前々日に聴いたブリテンの春の交響曲もクーセヴィツキーの委嘱作であったことを考えると、偶然ながら今年のプロムス体験は指揮者クーセヴィツキーを見直す機会にもなったことになります。日本ではほとんど評価されていないクーセヴィツキーですが、音楽界への貢献は極めて大きかったことが判ります。海外に出て、初めて気が付くことも多いものですね。
ところでこのプログラム、仮に日本で行われたらどのくらいの聴き手が集まるでしょう。交響曲は二つあるけれど、どちらも馴染の無いもの。バックスに至っては、作曲家としての名前もほとんど知られていない。私がバックスをナマで聴いたのは、名古屋に出掛けて名フィル定期(広上淳一指揮)で「11月の森」を聴いたことがあるだけです。
今日は空席が目立つのじゃないかな、と予想して出掛けたプロムスですが、その予想は完全に外れました。この珍しいプログラムにも拘わらず、ホールにはどんどん好事家が訪れます。いや、滅多に聴けない曲だからと言う方が正解なのでしょう。日本では考えられない現象です。8000は無理としても、見た目7900という感じ。
今回私共がチョイスしたのは、プロムス41と同じストール席、場所もほとんど前回と同じ場所でした。
ロイヤル・アルバート・ホールの客席は前列との間隔が狭く、小さい日本人はともかく平均的英国紳士淑女にとっては、座っている人の前を通るには無理があります。ですから、列の中ほどの席に座る人が遅れて来ると、出口に近い人は立ち上がらなければ中に通すことが出来ません。
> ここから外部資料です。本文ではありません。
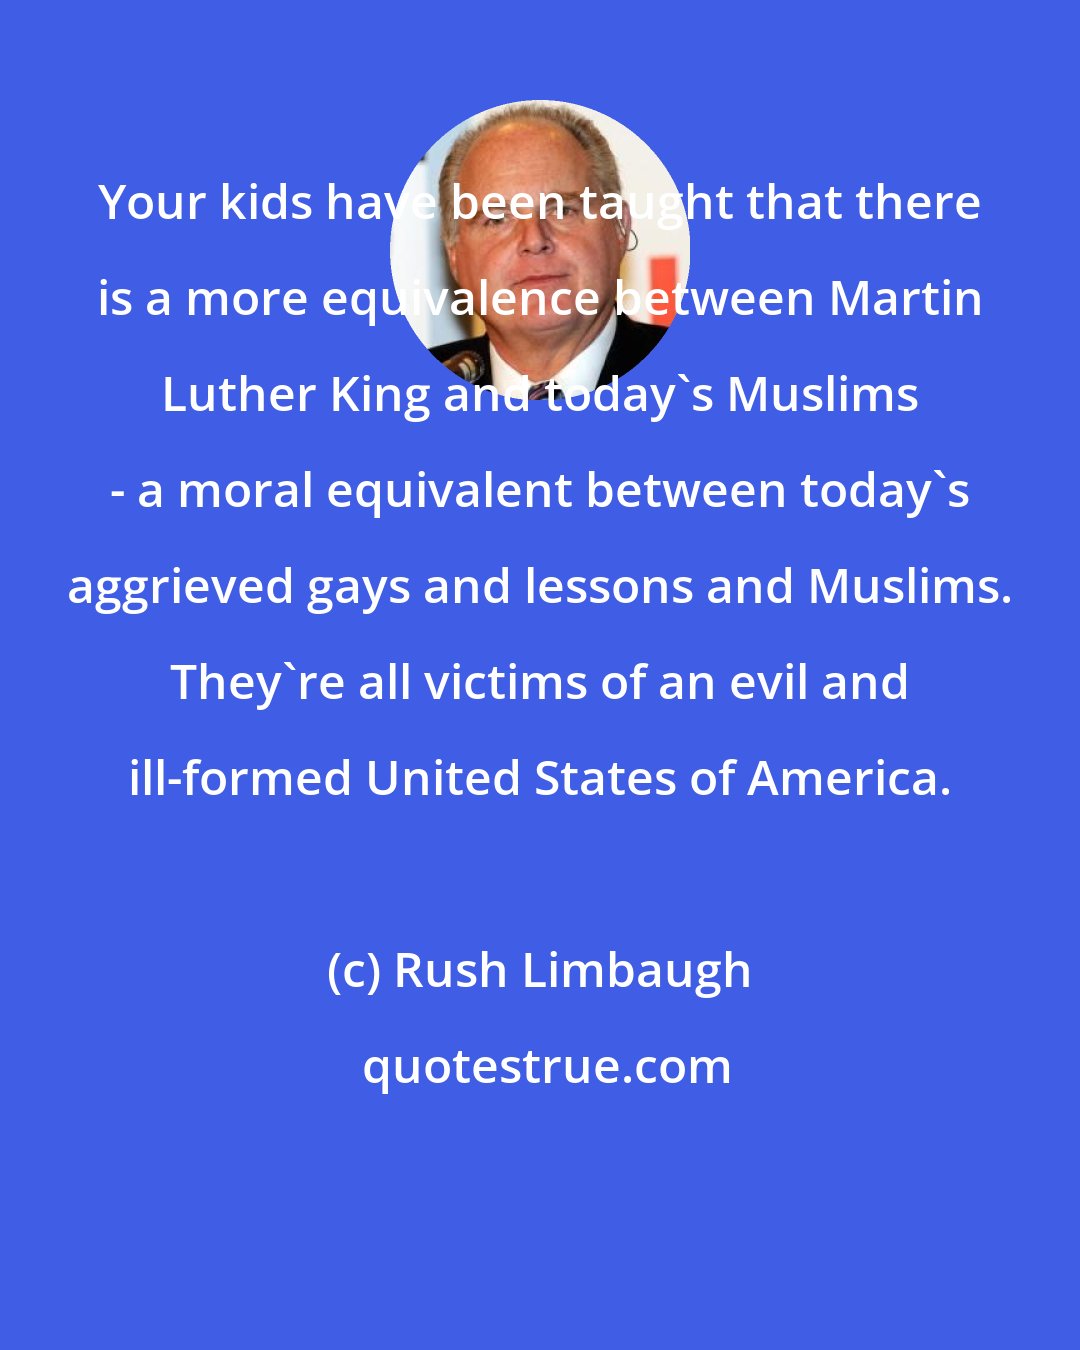 Rush Limbaugh: Your kids have been taught that there is a more equivalence between Martin Luther King and today's Muslims - a moral equivalent between today's aggrieved gays and lessons and Muslims. They're all victims of an evil and ill-formed United States of America.

それを考慮してかホールの座席は左右に少し動く仕掛けになっているのですが、大柄な人にはそれでも避けきれません。そこで中に入る人が来ると、手前の人は一斉に立ち上がって中に入れます。入る人は一人一人に“Thak You”と声を掛けながら進む。
この回のように大入り満員になると、早目に端に座った人は何度も立ち上がらなければならなくなります。しかしそれが却って同列の人たちに連帯感を生む。何処から来ました? などという会話も出てきます。
また、この日は一席おきにチラシが挟まれていました。見ると、当日登場するロイヤル・フィルの11月公演の案内。そこで気が付いたのは、イギリスでは日本のようにホールの前で大量のチラシを配る習慣が無いこと。全てそうかは知りませんが、少なくともプロムスではチラシを配る光景は見られませんでした。
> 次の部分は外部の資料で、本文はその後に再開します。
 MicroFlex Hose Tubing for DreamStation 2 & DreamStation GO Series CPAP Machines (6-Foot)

これはまた、コンサートには二人で来るのが当たり前、ということの証明。前回も書きましたが、演奏会チケットの価格設定は、恐らく日本で言う「ペア券」が前提になっているような気がします。だから、一人あたりに換算すれば比較的廉いのでしょう。
さて演奏の感想ですが、これは文句なく素晴らしいコンサートでした。
バックスの第2はプロムス初演の由。バックスは交響曲を7曲作曲していますが、第2以外の6曲は既に演奏されたことがあり、第2だけが取り上げられていませんでした。
それには理由があり、第2交響曲は作品としても非常に複雑で、曲調も暗く重いもの。調性としてホ短調とハ長調が併記されている通り、場所によっては復調(二つの調が同時に鳴らされる)になる個所(第2楽章のクライマックス)もあって、耳には馴染み難いのです。ハッキリと調が確定するのは第1楽章の終結部くらい。
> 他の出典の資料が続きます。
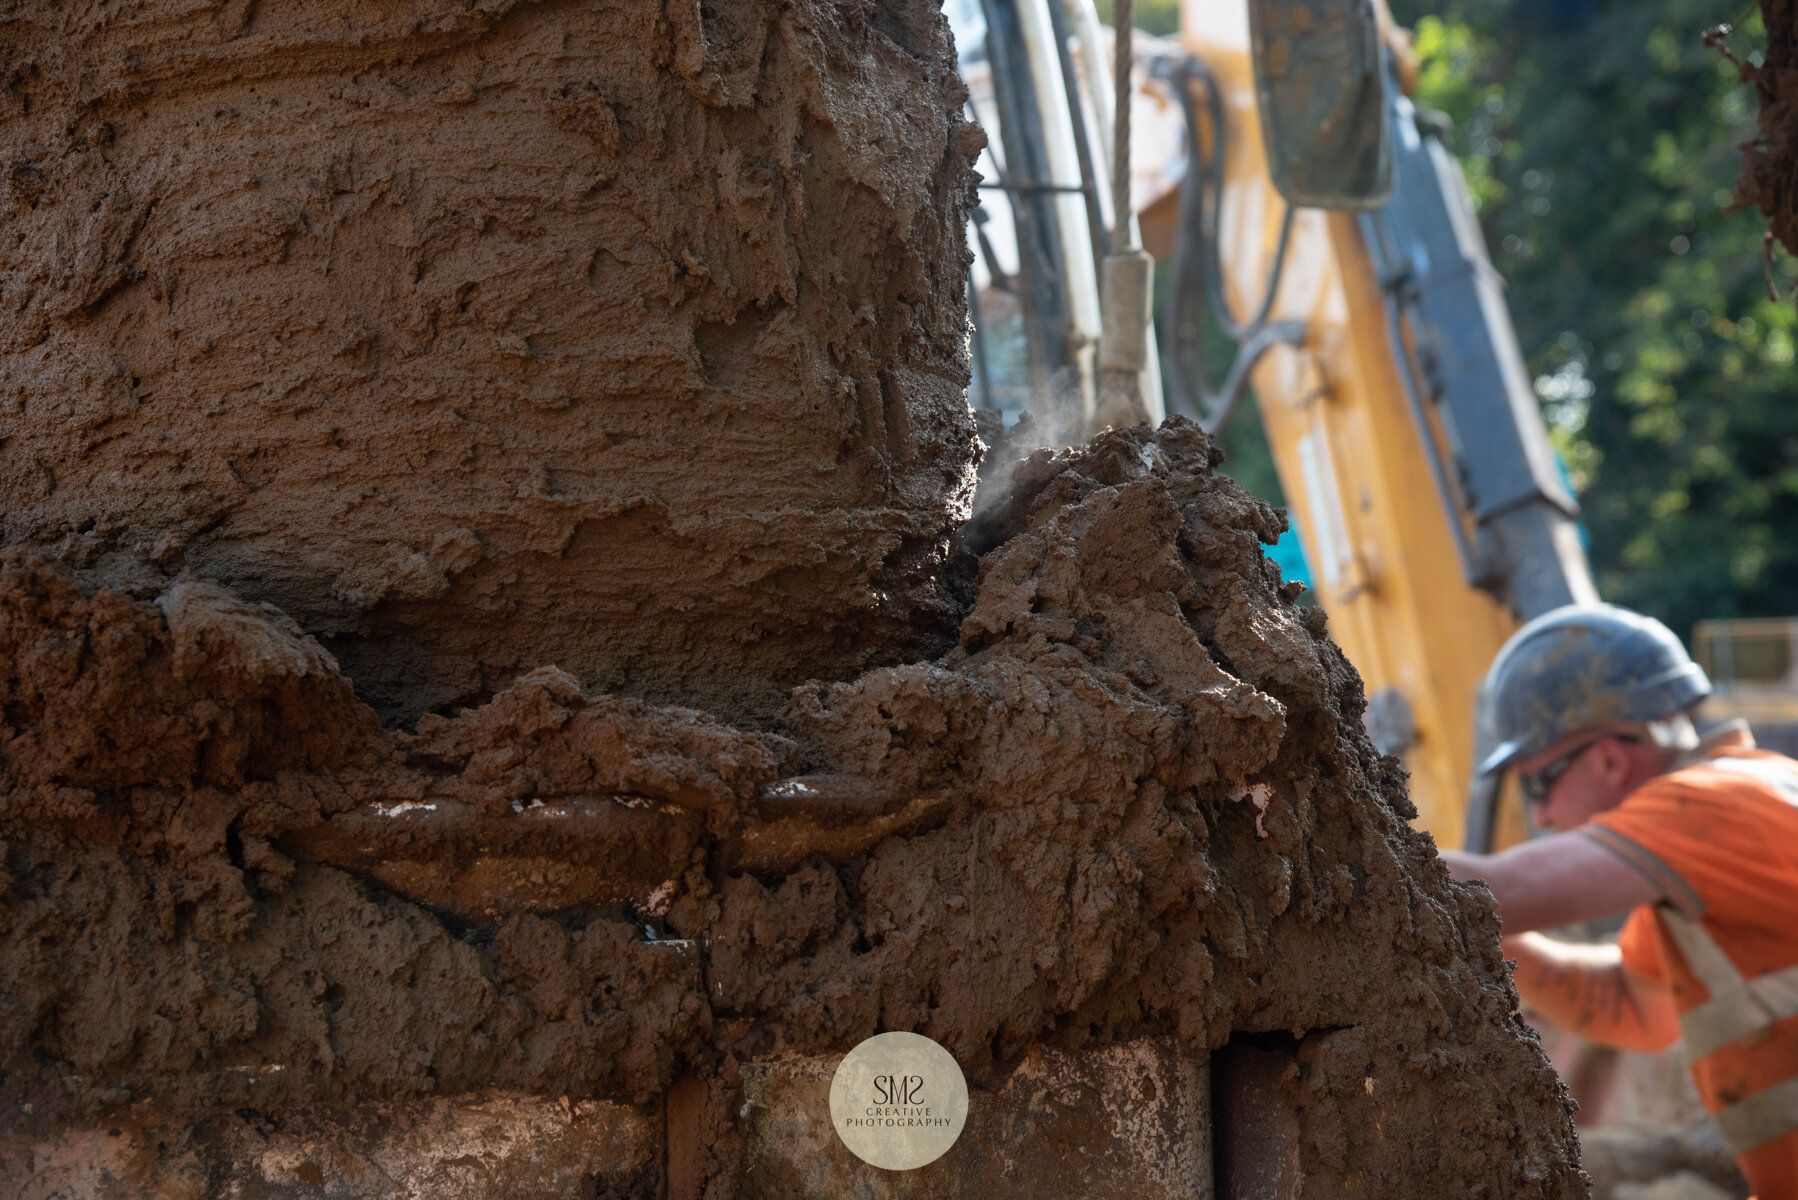  The auger digs deep into the ground to excavate the earth for foundations to be inserted.

全体は3楽章。第1楽章冒頭(序奏と捉えるべきか)が第3楽章の最後(後奏と対比できます)に戻ってくるアーチ形の構成で、作品の中核は第2楽章にあると聴きました。
バックスはロンドンで生まれ、王立音楽院で学んだイングリッシュ。しかし若い時からアイリッシュ文化に関心を持ったようで、第2交響曲の第2楽章に登場する美しい主要テーマには、アイルランド民謡を思わせる諧調が漂います。私はこの日のためにスコアと録音で予習していたため、スッカリこの楽章が気に入ってしまいました。
ロンドンで初めてバックスの交響曲のナマ演奏に接することが出来たこと。これが今回のロンドン行の最大の収穫だったと考えます。
バルトークの極めて難しい協奏曲を弾いたユジャ・ワンも見事でした。中国出身の恐らく24歳と思われる若手女流ピアニスト。今回がプロムス・デビューで、完全にロンドン子の魂を掴んだようです。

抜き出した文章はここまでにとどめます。